The "most official" AsyncAPI generator linked from the AsyncAPI site will follow the references in the "allOf" structure to generate the subclasses of the Pet class. But it will ignore the "discriminator" logic and actually fail because it does know what to do with the "petType" attribute repeated in the derived types (e.g. StickInsect).
A less important thing I do not like about the "official" generator is that it is implemented in JavaScript (it uses the schema generator library Modelina written in TypeScript). For a Node.js backend this may be nice, but for Java (JVM) based backends it is not ideal to have to invoke npm as part of the build process. Especially knowing that the OpenAPI generator that is much more mature and probably used for the synchronous (REST) APIs of the same backend service, is implemented in Java and runs in Maven/Gradle nicely.

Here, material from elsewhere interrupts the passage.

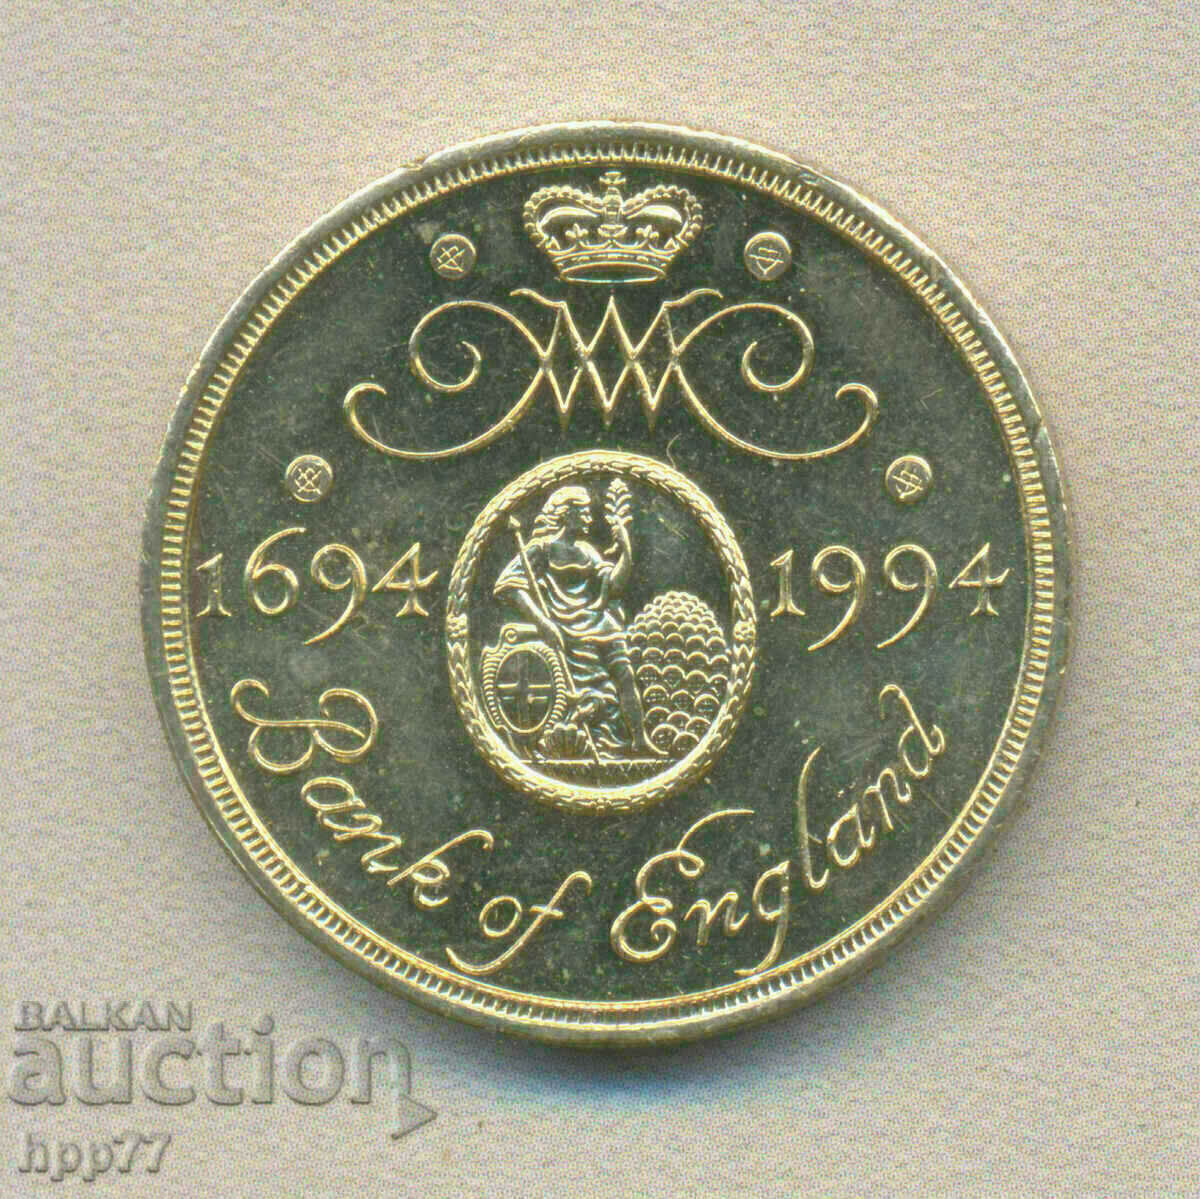 £2 1994 300 years Bank of England

If you convert the above schema to the OpenAPI format and run the OpenAPI generator on it, you get the polymorphic code that you expect.
In the Tools dashboard of the OpenAPI site you can find two more generators: MultiAPI generator and ZenWave SDK, both written in Java. Unfortunately these are even less mature than the JavaScript one: They don't even detect there are types derived from the base Pet type for which classes should be generated.
Conclusion
I still think it is a good idea to start using AsycAPI for asynchronous APIs. But beware of possible problems if you want to use complex schemas. The safest is to use just simple schemas and wait for the tooling to catch up. You always have to verify your schemas with the actual generator you want to use. Even JSON schema draft 7 contains concepts similar to the discriminator approach above (if-then and oneOf), but neither of them made the generators give me what I needed.
Actually, the AsyncAPI 3.0 permits to use the OpenAPI schemas in AsyncAPI using what they call a "Multi Format Schema Object". Although the specification does not require, only recommends to support the OpenAPI schema, I would really love to see tools supporting it so that we can share the same schema format for AsyncAPI and OpenAPI.